File size: 6,130 Bytes
3eee1a6 54028f4 3eee1a6 |
1 2 3 4 5 6 7 8 9 10 11 12 13 14 15 16 17 18 19 20 21 22 23 24 25 26 27 28 29 30 31 32 33 34 35 36 37 38 39 40 41 42 43 44 45 46 47 48 49 50 51 52 53 54 55 56 57 58 59 60 61 62 63 64 65 66 67 68 69 70 71 72 73 74 75 76 77 78 79 80 81 82 83 84 85 86 87 88 89 90 91 92 93 94 95 96 97 98 99 100 101 102 103 104 105 106 107 108 109 110 111 112 113 114 115 116 117 118 119 120 121 122 123 124 125 126 127 128 129 130 131 132 133 134 135 136 137 138 139 140 141 142 143 144 145 146 147 148 149 150 151 152 153 154 155 156 157 158 159 160 161 162 |
---
language:
- en
- ko
library_name: transformers
license: other
license_name: upstage-solar-license
pipeline_tag: text-generation
tags:
- upstage
- solar
- moe
- 100b
- llm
- nota
- quantization
---
# **Solar-Open-100B-NotaMoeQuant-Int4**
This repository provides **Upstage’s flagship model, [Solar-Open-100B](https://huggingface.co/upstage/Solar-Open-100B)**, packaged with [**Nota AI**](https://www.nota.ai/)’s proprietary quantization technique specifically developed for Mixture-of-Experts (MoE)-based LLMs.
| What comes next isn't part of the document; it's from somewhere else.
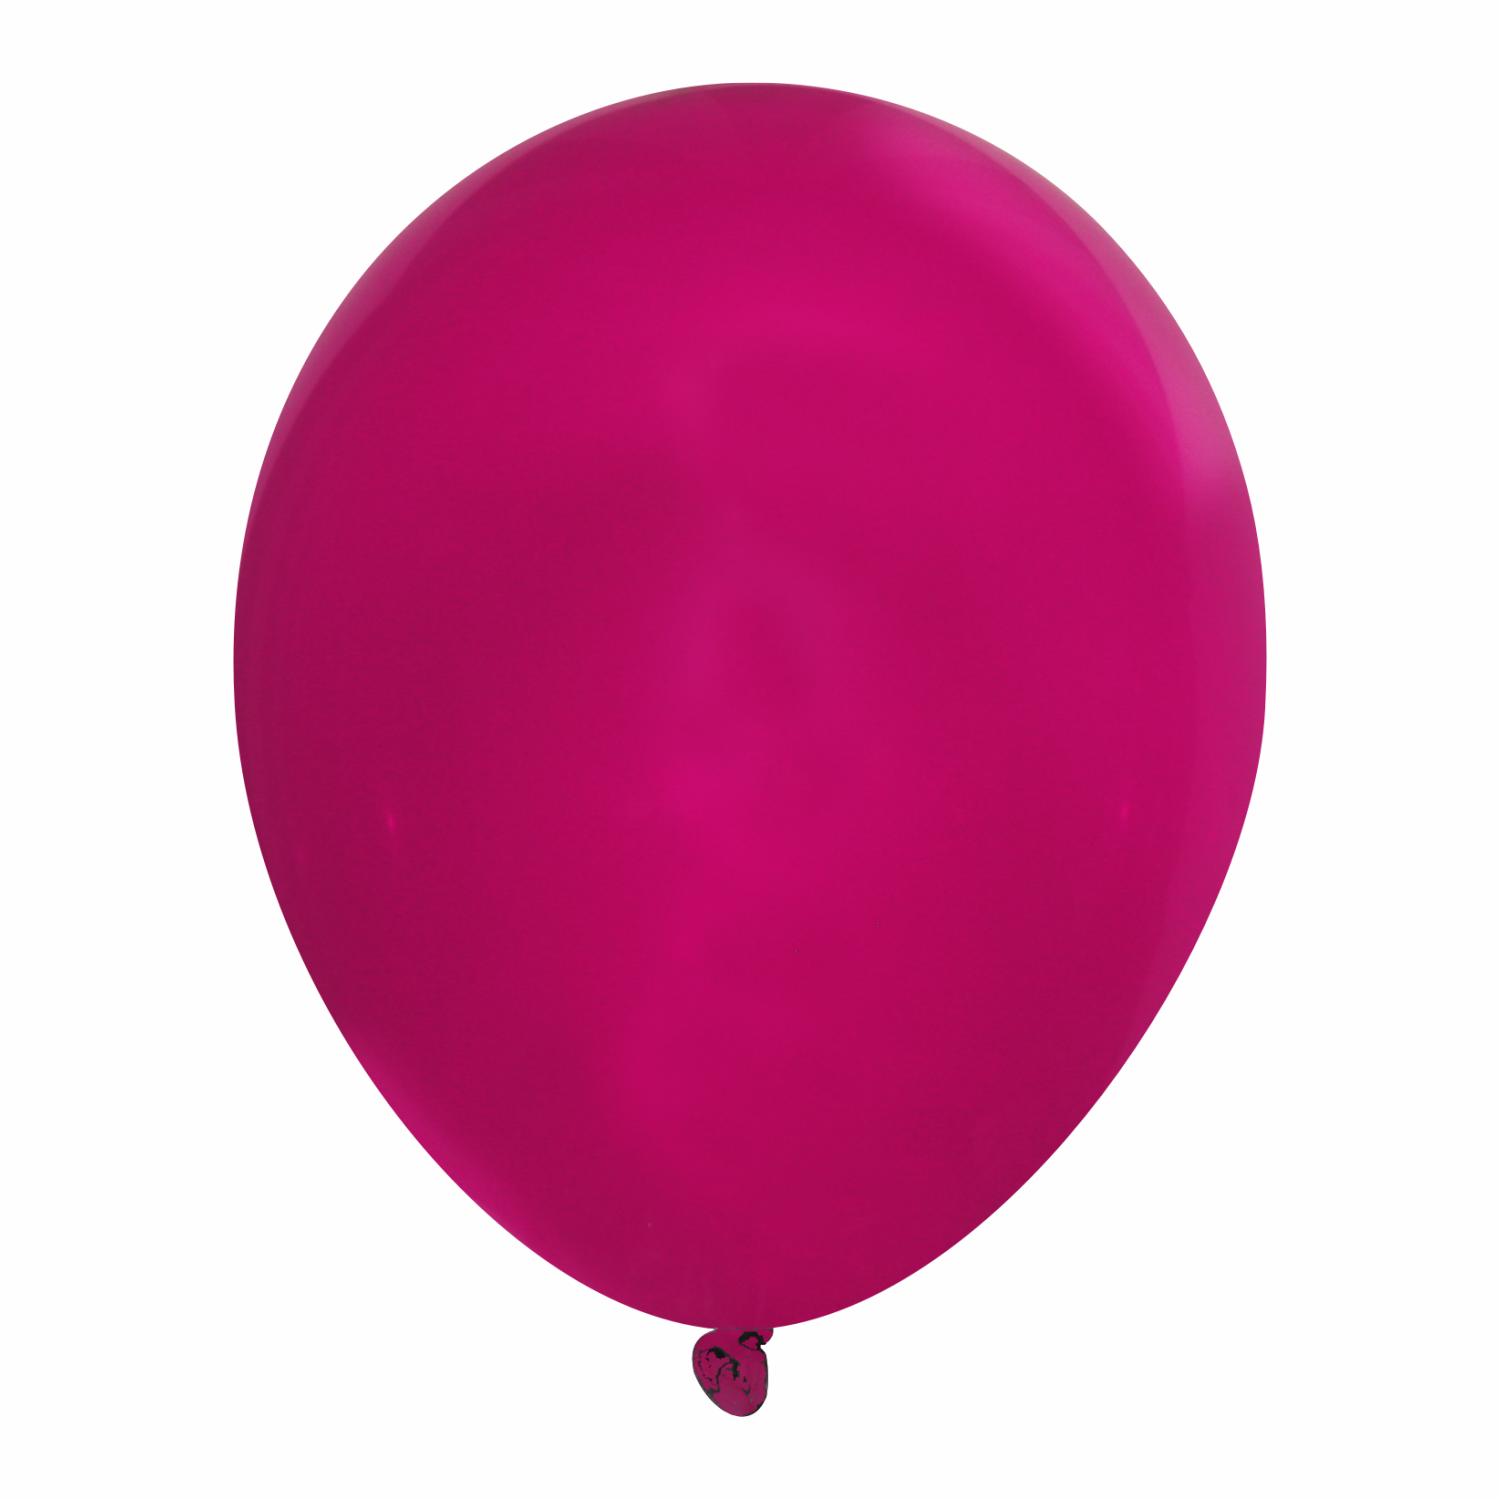 http://images.officebrain.com/migration-api-hidden-new/web/images/626/11wrp-cry-magenta-pink.png

Unlike conventional quantization methods, this approach incorporates a novel method designed to mitigate representation distortion that can occur when experts are mixed under quantization in MoE architectures.
## Overview
- **Base model:** [Solar-Open-100B](https://huggingface.co/upstage/Solar-Open-100B)
- **Quantization:** Int4 weight-only
- **Packing format:** `auto_round:auto_gptq` (ensuring backend compatibility with PyTorch and vLLM)
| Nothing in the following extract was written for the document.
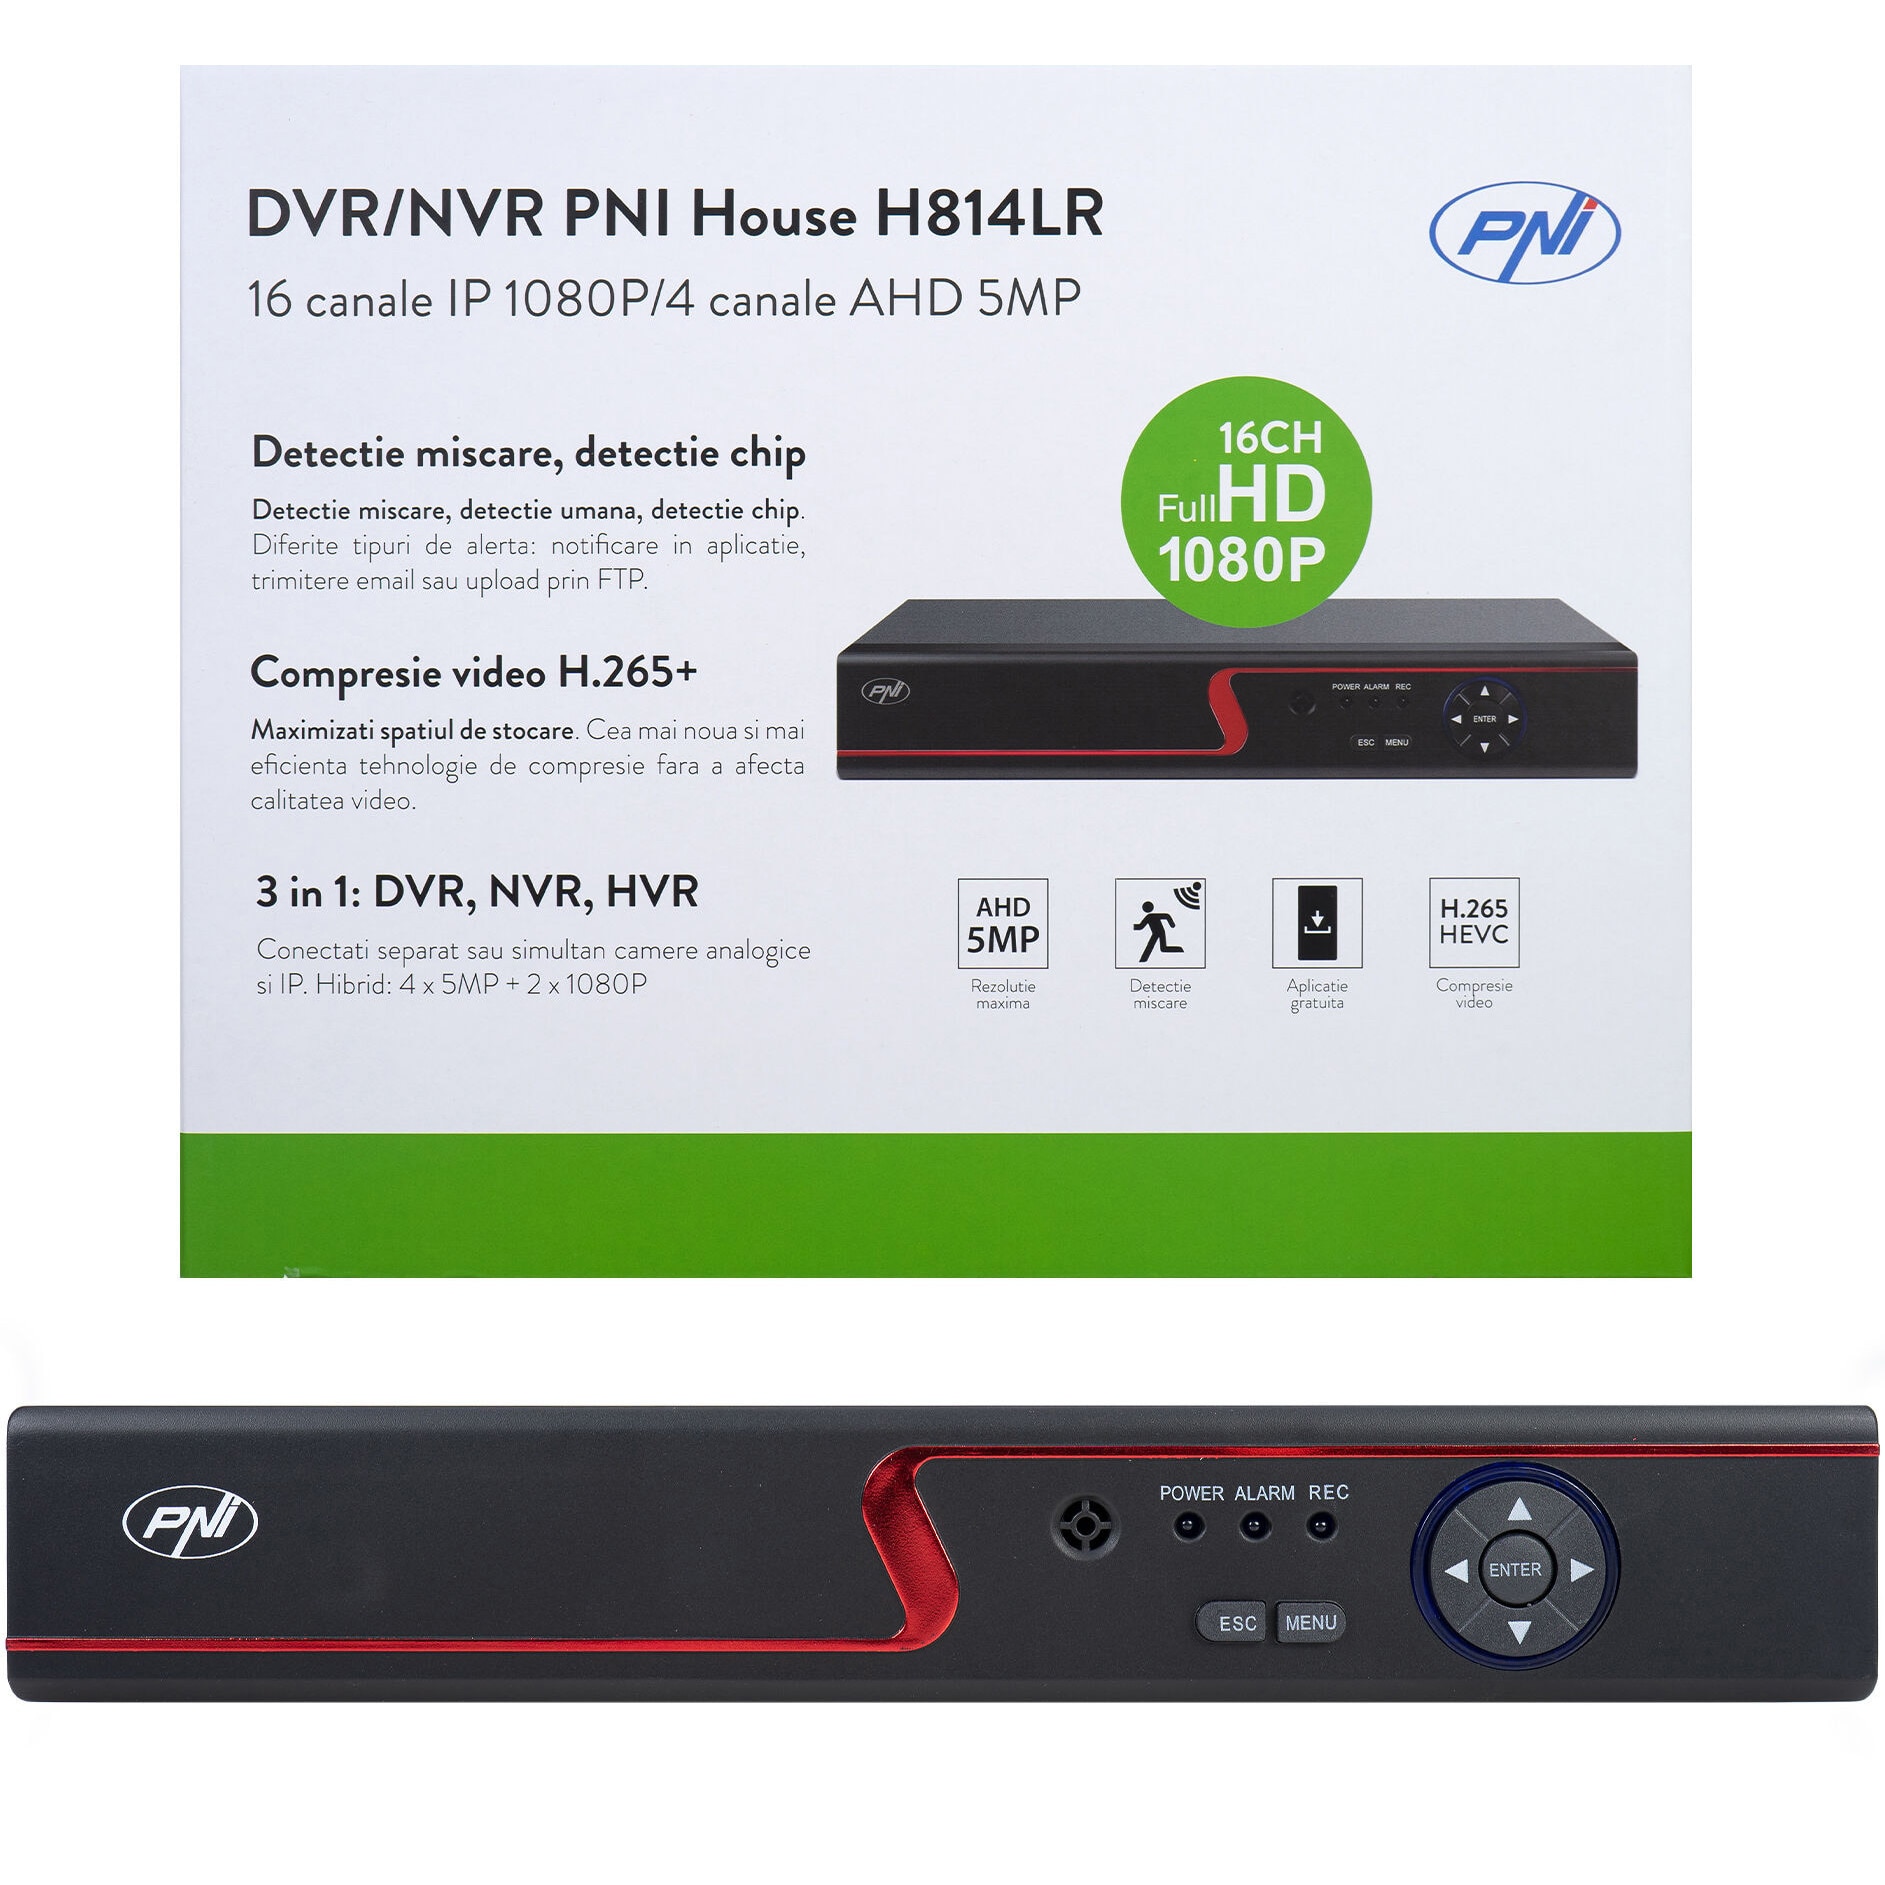 Careful reading promise Suffix Kit supraveghere video AHD PNI House PTZ1300 Full HD - NVR si 4 camere  exterior 2MP full HD 1080P - eMAG.ro

- **Quantization group size:** 128
- **Supported tensor parallel sizes:** {1,2}
- **Hardware Requirements:**
* **Minimum:** 2 x NVIDIA A100 (80GB)
## License
This repository contains both model weights and code,
which are licensed under different terms:
1. MODEL WEIGHTS (*.safetensors)
Licensed under **Upstage Solar License**
See: https://huggingface.co/upstage/Solar-Open-100B/blob/main/LICENSE
2. CODE (*.py, *.json, *.jinja files)
Licensed under **Apache License 2.0**
See: https://www.apache.org/licenses/LICENSE-2.0
## Performance
- English
| |**Solar-Open-100B**|**Nota MoE Quantization (Ours)**|**AutoRound**|**cyankiwi AWQ**|
|--- | --- | --- | --- | --- |
|PPL (WikiText-2)↓|6.06 |**6.81** |7.12 |30.52 |
|PPL (C4)↓ |20.37 |**20.84** |20.94 |50.16 |
|PIQA↑ |82.37 |**82.75** |82.05 |78.94 |
|BoolQ↑ |84.89 |84.86 |**85.29** |68.87 |
|ARC-E↑ |87.25 |**86.48** |85.77 |83.12 |
|ARC-C↑ |61.43 |**61.69** |60.84 |56.40 |
|TruthfulQA↑ |59.25 |**60.14** |59.18 |52.38 |
|WinoGrande↑ |76.09 |**75.77** |**75.77** |68.59 |
- Korean
| |**Solar-Open-100B**|**Nota MoE Quantization (Ours)**|**AutoRound**|**cyankiwi AWQ**|
|--- | --- | --- | --- | --- |
|HRM8K↑ |81.52 |80.68 |**81.56** |32.67 |
|MMLU-ProX-Lite↑ |55.44 |**51.84** |51.26 |6.19 |
|KoBEST↑ |62.00 |**62.80** |61.80 |61.80 |
|CLiCK↑ |71.33 |**70.03** |69.77 |51.18 |
- Model weigth memory footprint
|**Solar-Open-100B**|**Nota MoE Quantization (Ours)**|**cyankiwi AWQ**|
| --- | --- | --- |
|191.2 GB |51.9 GB |57.0 GB |
* Note
- ↑ / ↓ denote the direction of improvement: higher is better (↑), lower is better (↓).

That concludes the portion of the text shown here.